Configure Elasticsearch on an efficient way

Share Button

Lire la version française
This post is about elasticsearch which is a great search engine.
The biggest difficulty we meet is that we do not know how to configure Elasticsearch to have relevant search results. Another difficulty is (sorry to say that), the documentation is not very well done. Ok, it’s my opinion and I can’t denied we found usefull information in it, but information are sometimes difficult to find.
So, we searched into the deeps of elasticsearch to understand how it works. And we think we finally understood lot of things we did’nt know, and we have built the perfect (maybe?) configuration.

But let’s go back to the begining. As I said, our main problem was to have relevant results (not relevant for the search engine, but relevant for the user who makes the research). And sometimes, we have weird results.

For example, the search “funny pony” would return the results :

  Title : This pony is cool
  Description: Who wants a bun with lot of jam?

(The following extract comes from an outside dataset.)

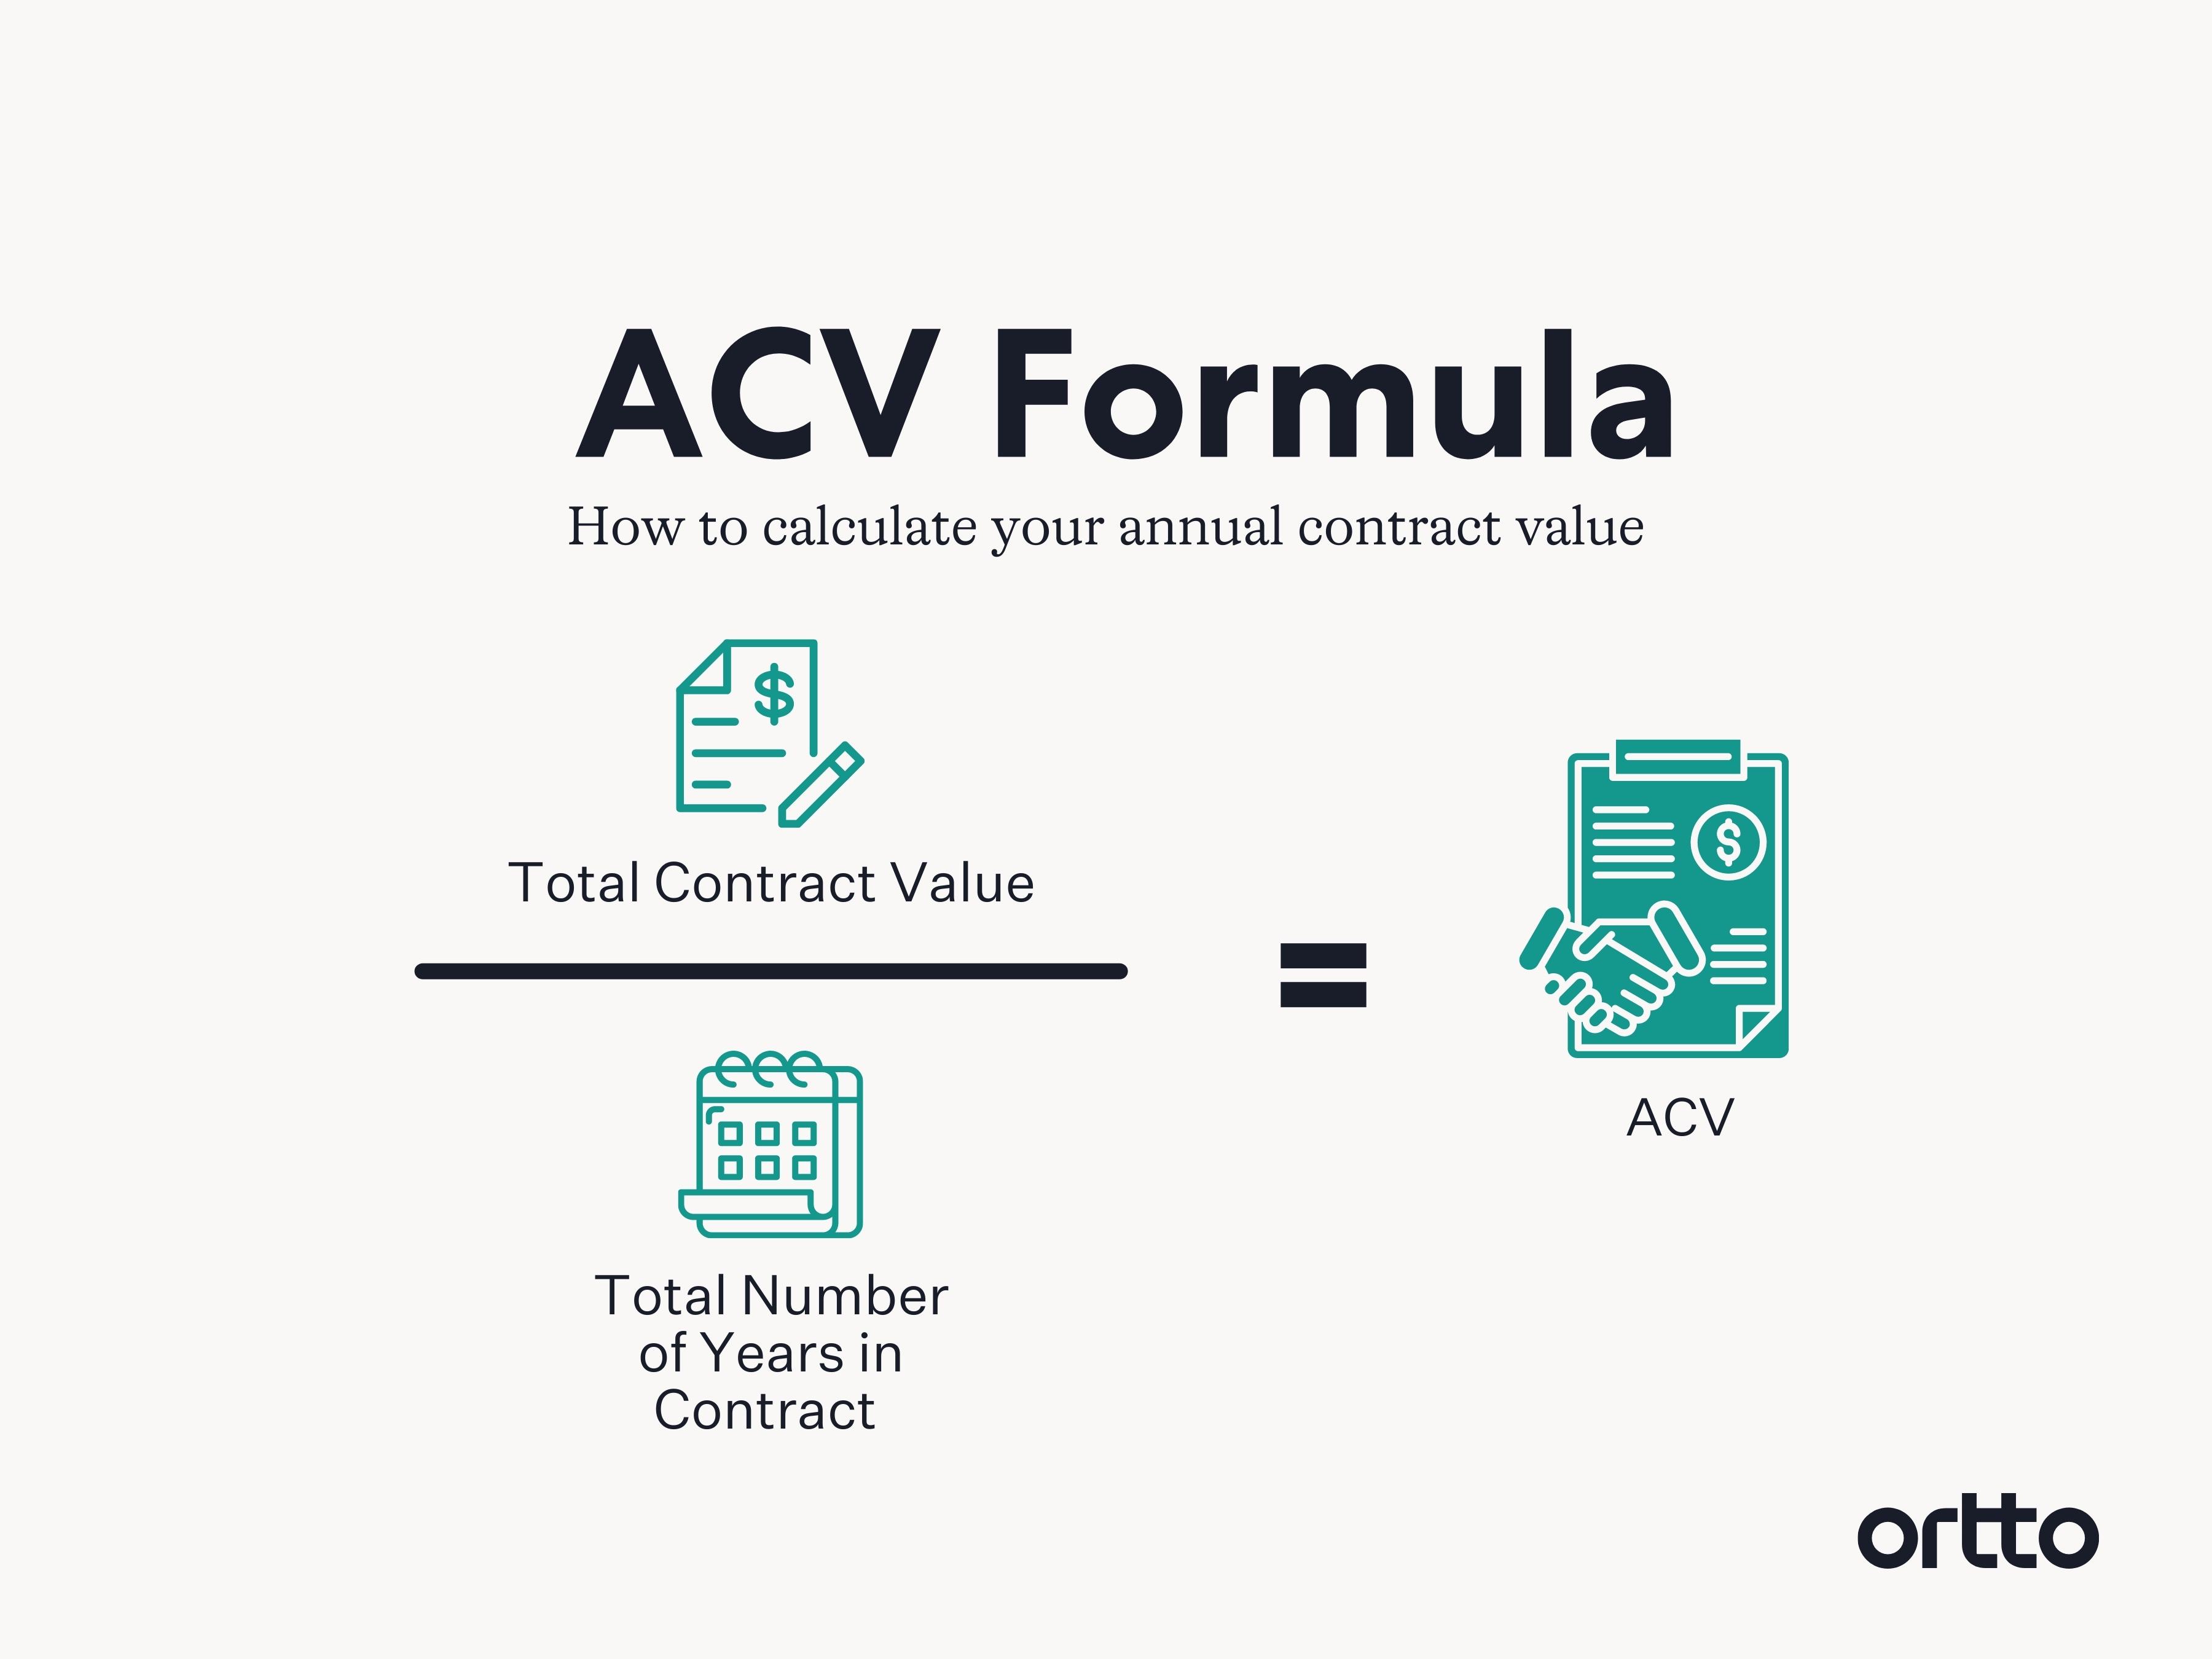 Annual Contract Value Formula
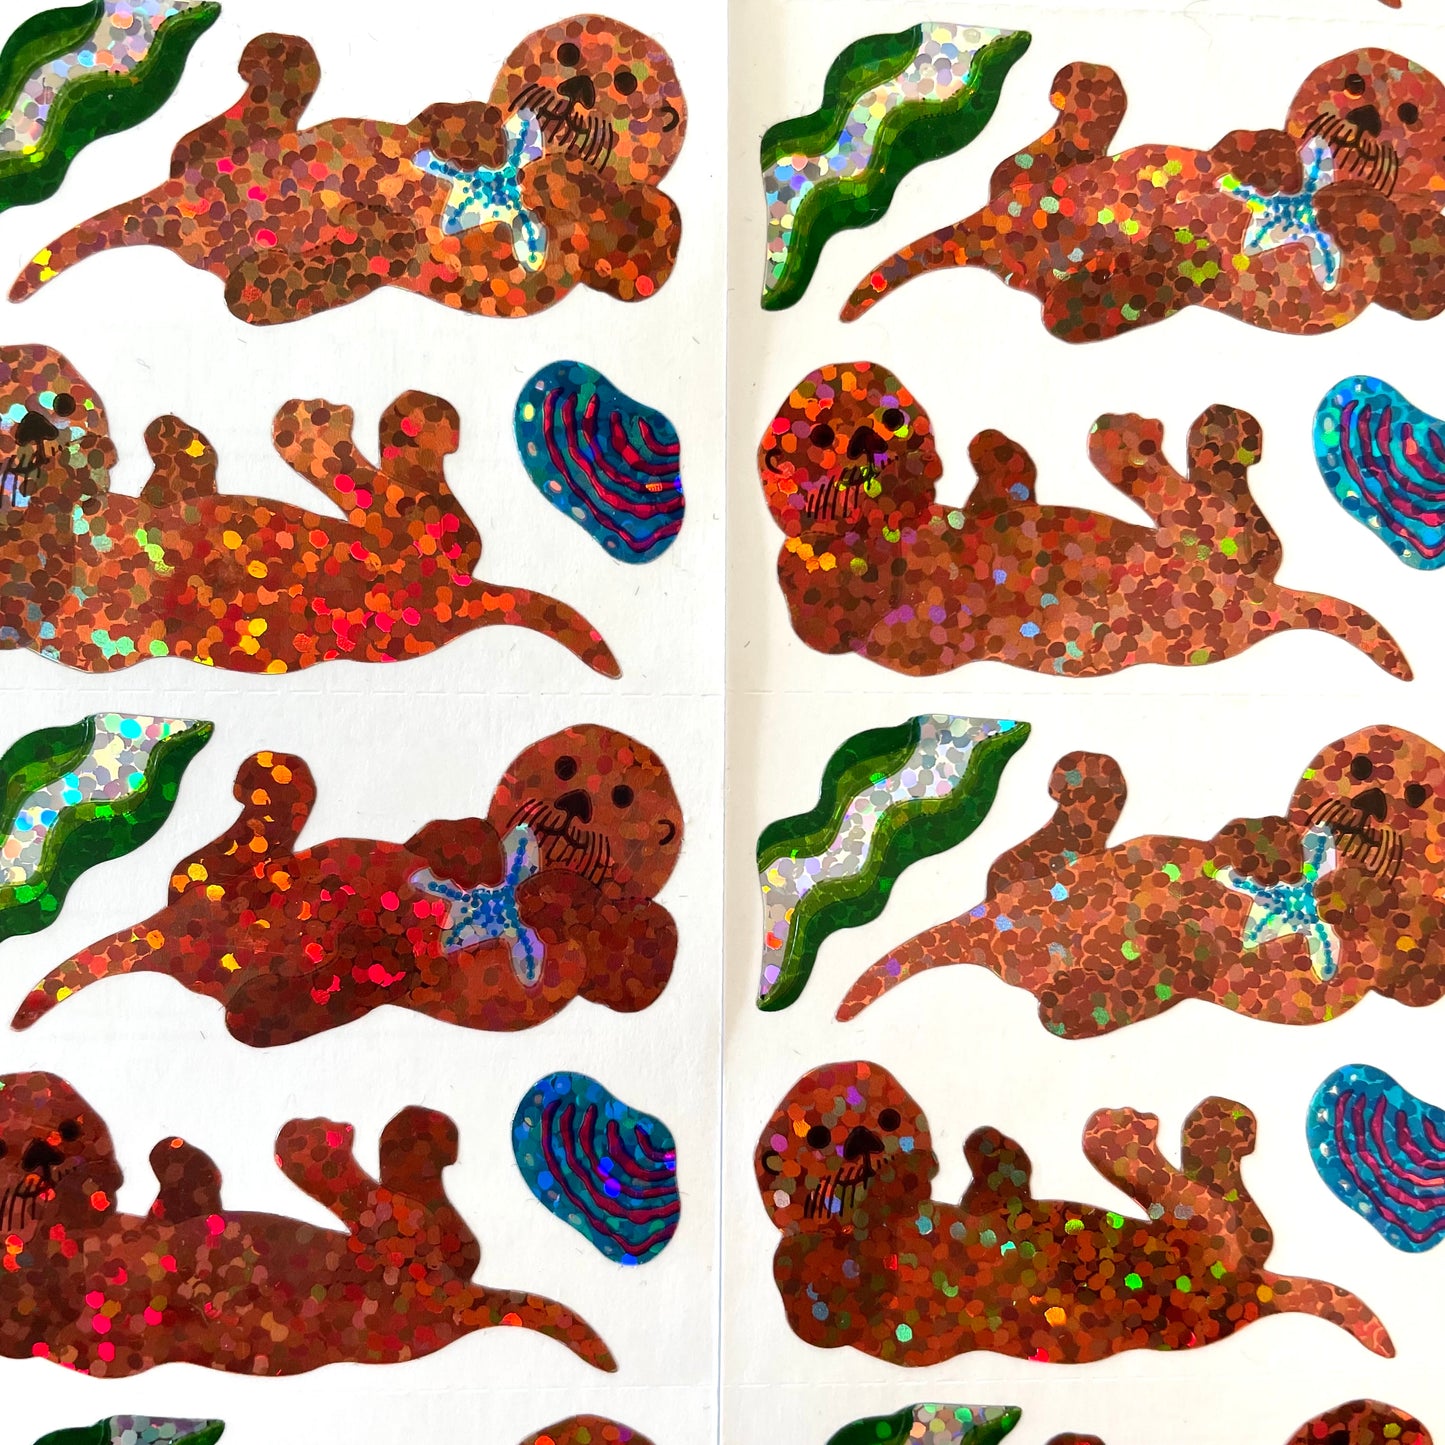 HAMBLY: Sea Otter glitter stickers

  Title: Everybody loves horses
  Description: Horses are sort of big ponies with more furry.

  Title: Funny ponies are the best ones
  Description: Lorem ipsum dolor sit amet consectetur adipiscing elit

With a “basic” configuration (no specific configuration, or even a bad configuration), the first result is relevant for elasticsearch, we will see why after.
But as a user, the third one is maybe more relevant, and it could be disturbing not to see it at the first place.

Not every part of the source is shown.